3.5.3 Containment Heat Removal 3.5.3-1 Identify any portions of the Containment Heat Removal System piping within the scope of license renewal that are not designed to withstand the effects of a design basis earthquake. Clarify the piping segments within the category of "Seismic II over I" (a non-seismic Category I system, structure or component whose failure could cause loss of safety function of a seismic Category I system, structure, or component) that are included within Oconee's current licensing basis and would be subject to aging management review. Additionally, clarify which aging management program will address these structures and components and specifically discuss implementation of the program for these segments of piping systems to manage applicable aging effects during the period of extended operation.
3 3.5.3-2 Thermal fatigue has not been identified as an applicable aging effect for the components of the Containment Heat Removal System. Identify the Code Class requirements for which these components were designed. Also, discuss the engineering analysis for this system including the specific design temperatures, operating conditions, and thermal cycles, which were used in the analysis to make the determination that the assumption of less than 7000 cycles is valid for all locations during the extended period of operation.

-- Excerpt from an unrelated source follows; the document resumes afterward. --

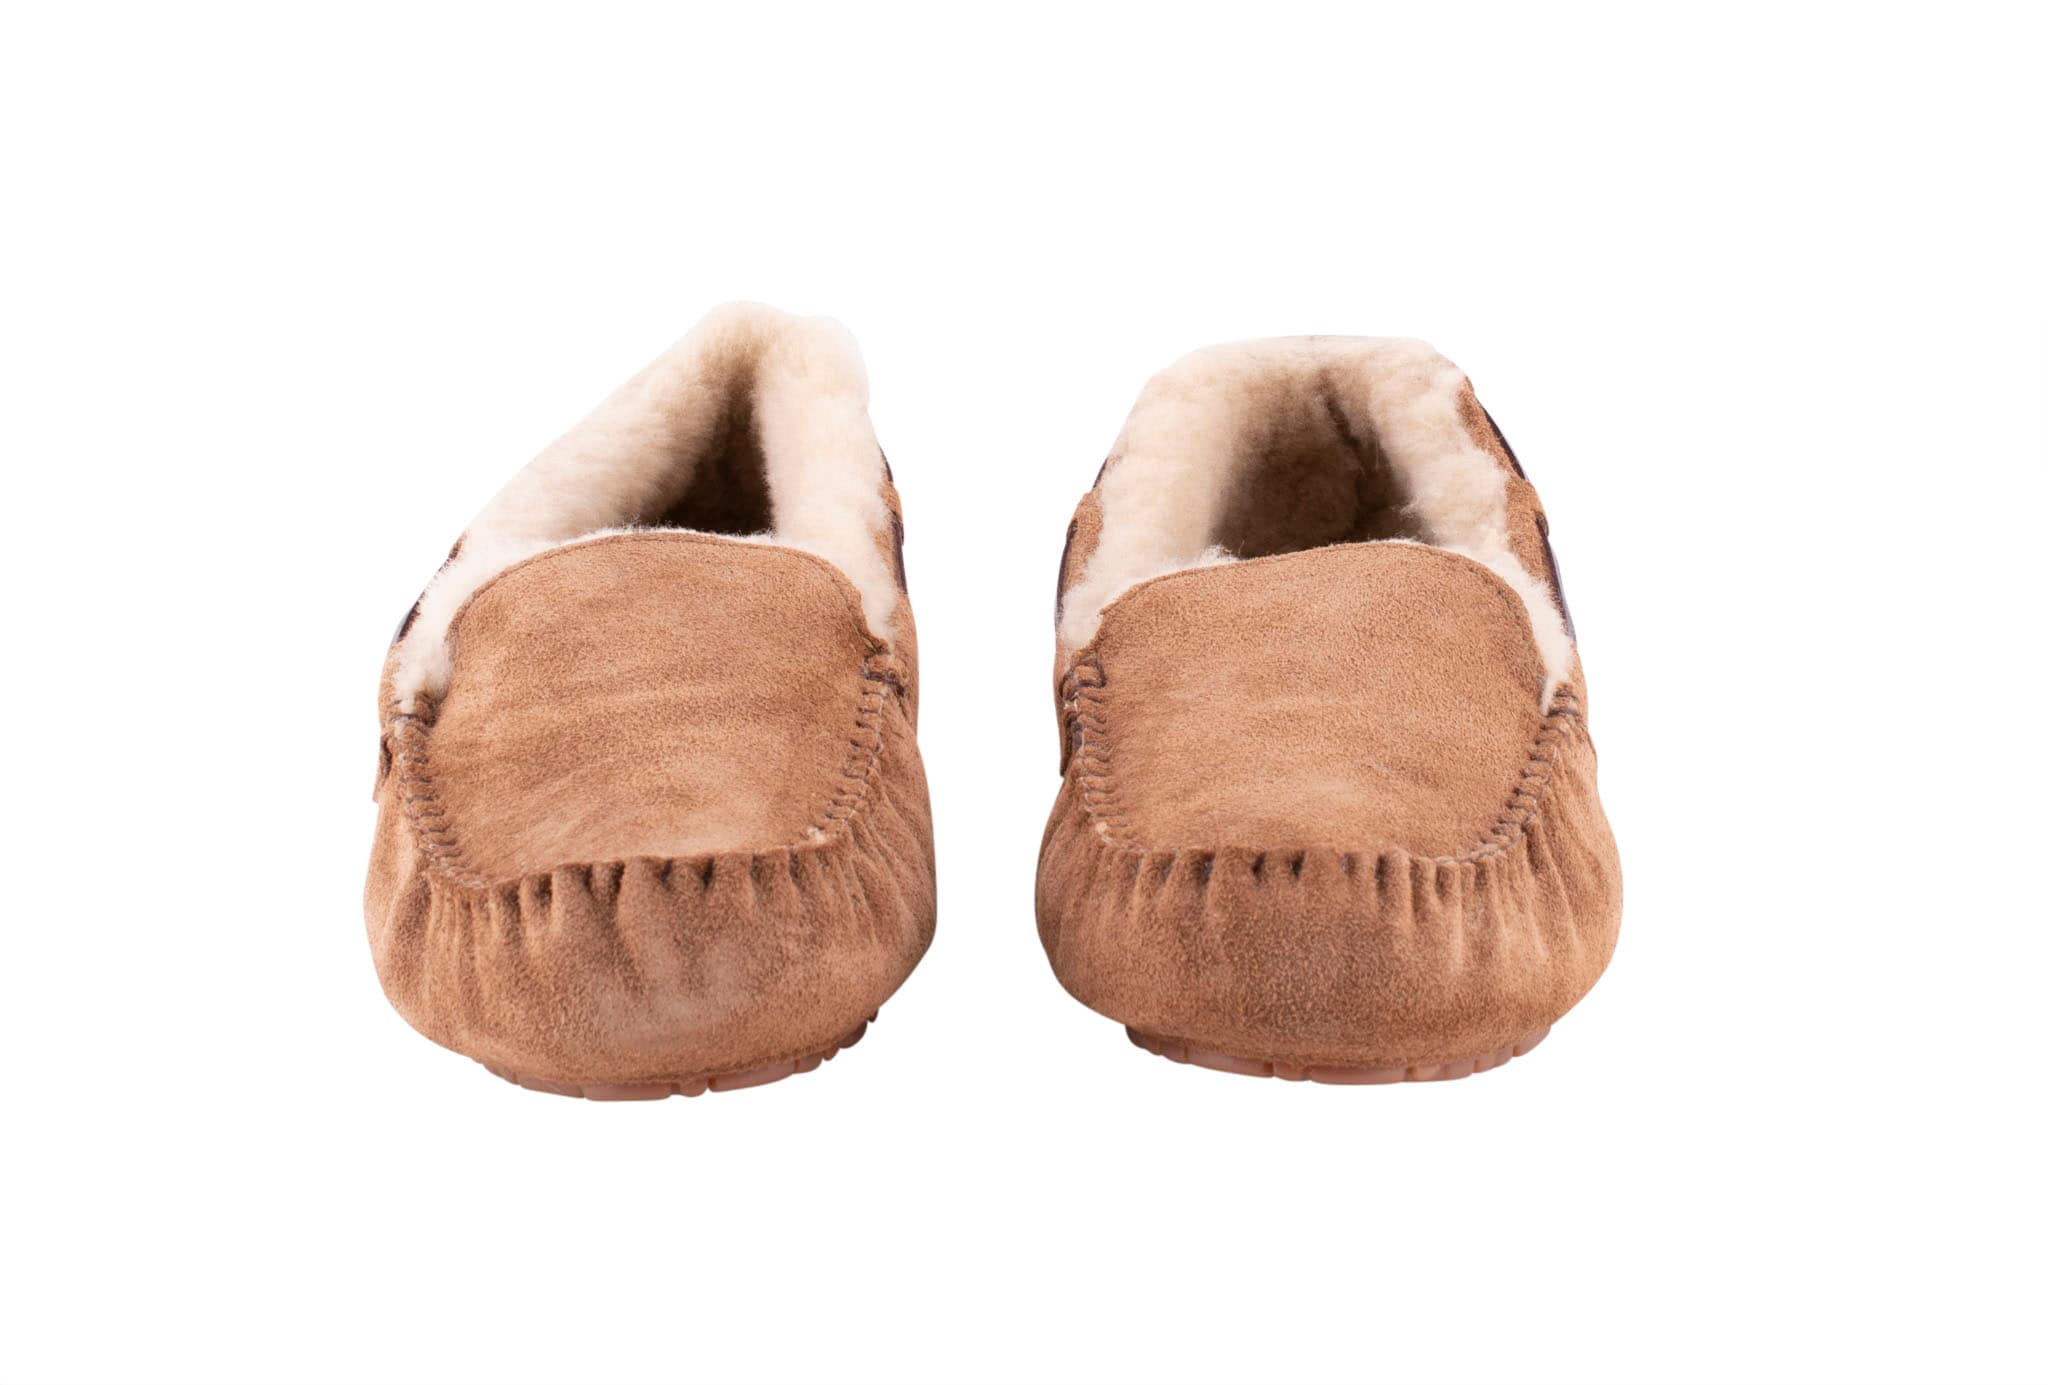 Saga ballerina slippers for women.

3.5.14 Standby Shutdown Facility Mechanical Components 3.5.14-1 It is stated in Section 3.5.14.1.1 of the license renewal application that no aging effects have been identified for this system. The diesel exhaust system is exposed to an exhaust gas environment. At some facilities, the structures at the exit of the diesel exhaust system have degraded over a period of time due to impingement of the hot corrosive exhaust gases. The debris from these degraded structures has the potential of blocking the exhaust system and rendering the diesel inoperable during an emergency. Discuss the potential for similar degradation at the Oconee nuclear station during the extended period of operation.
3.5.14-2 It is stated in Section 2.5.14.5 of the license renewal application that the reactor coolant makeup system piping is designated as Oconee Class B and that it is designed to USAS B31.7, Class II requirements. Discuss the engineering analysis for this system including the specific design temperatures, operating conditions, and thermal cycles, which were used in the analysis to make the determination that assumptions of less than 7000 cycles are valid for all locations during the extended period of operation.

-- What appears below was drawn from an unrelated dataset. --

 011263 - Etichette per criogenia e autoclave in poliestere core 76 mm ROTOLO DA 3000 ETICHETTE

3.5.14-3 It is stated in Section 2.4.14.8 of the license renewal application that no applicable aging effects have been identified for the components of the starting air system.

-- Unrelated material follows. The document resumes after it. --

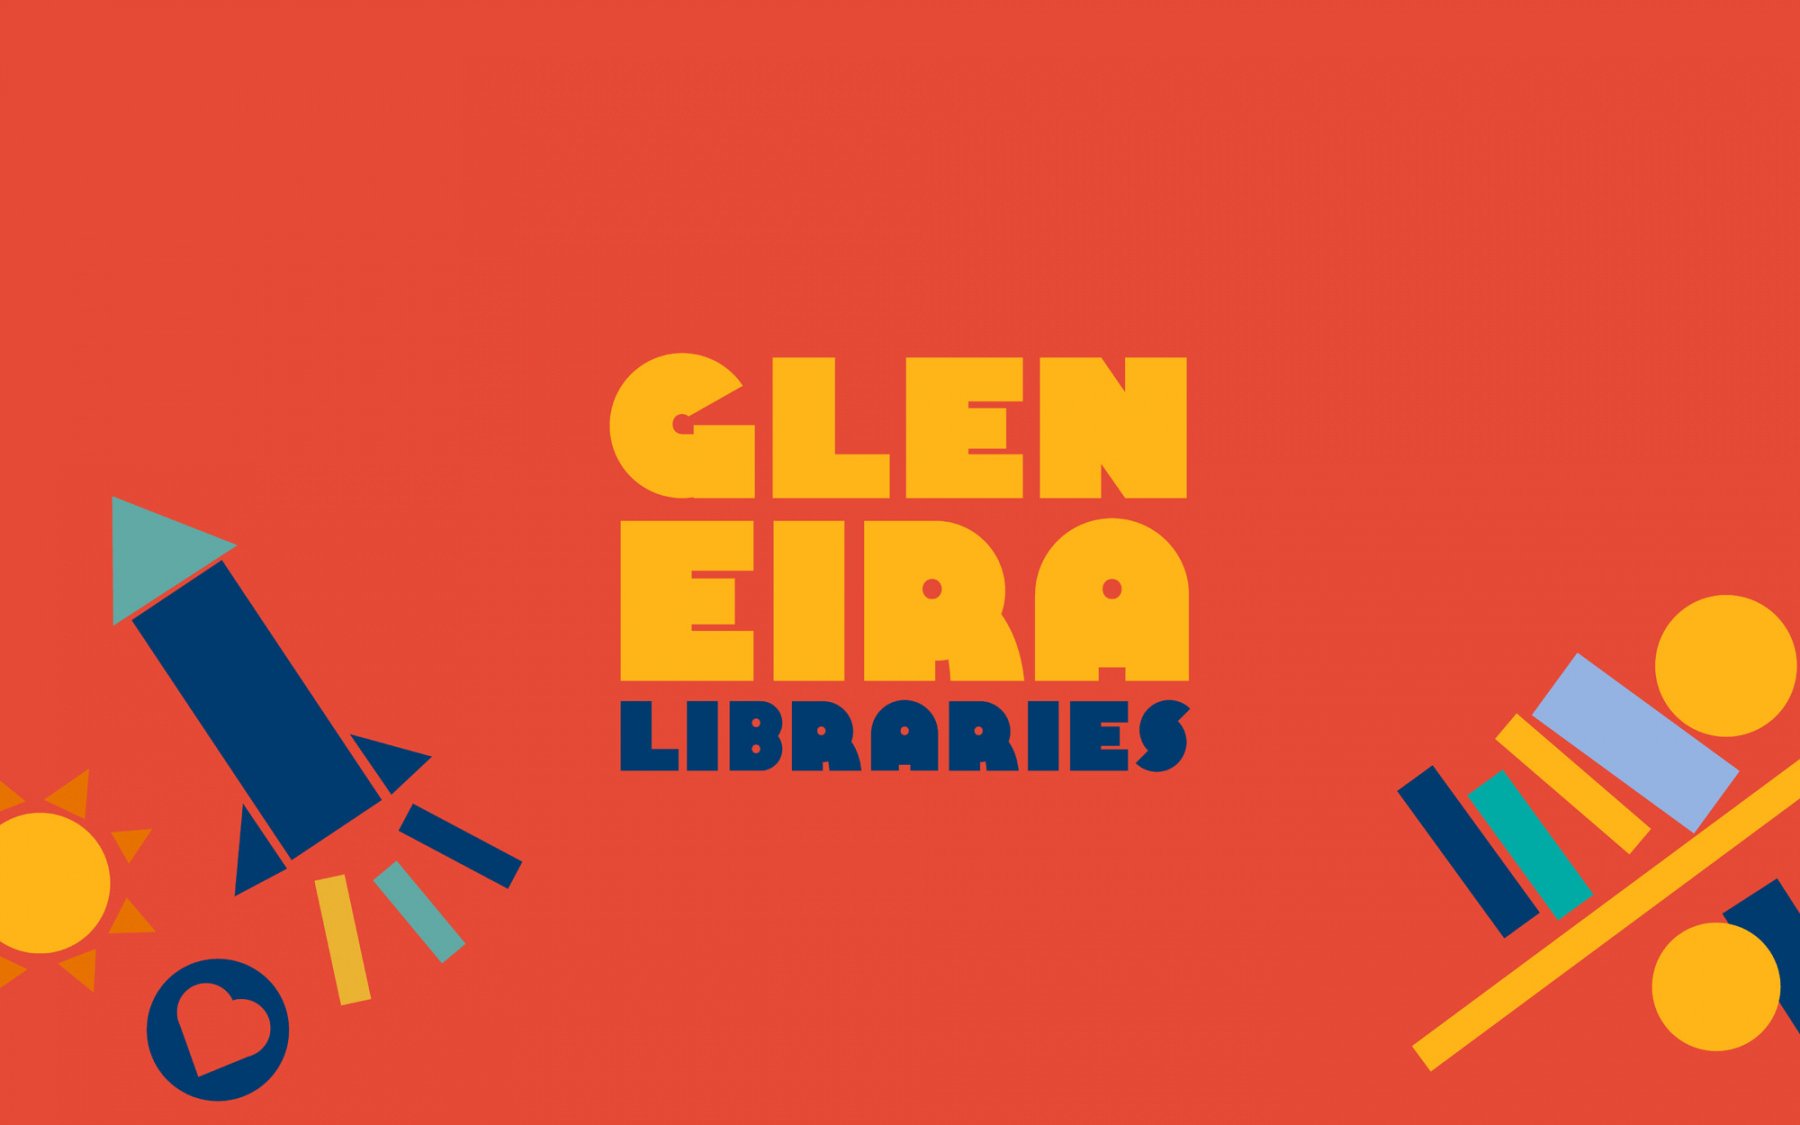 Close up image of Glen Eira Libraries logo

The diesel generator starting air system at several other facilities has experienced degradation due to excessive vibration in the piping and starting air valves which in some cases rendered the air receivers incapable of delivering starting air to the diesel engines at the design pressures. Discuss the upgrades, if any, and/or surveillance requirements for the starting air system at Oconee to assure operability of this system during the extended period of operation beyond 40 years.
3.5.14-4 Section 2.5.14 of the license renewal application indicates that some portions of the Standby Shutdown Facility piping within the scope of license renewal are not designed to withstand the effects of a design basis earthquake. Clarify the piping segments within the category of "Seismic II over I" (a non-seismic Category I system, structure or component whose failure could cause loss of safety function of a seismic Category I system, structure, or component) that are included within Oconee's current licensing basis and would be subject to aging management review.
Additionally, clarify which aging management program will address these structures and components and specifically discuss implementation of the program for these segments of piping systems to manage the applicable aging effects during the period of extended operation.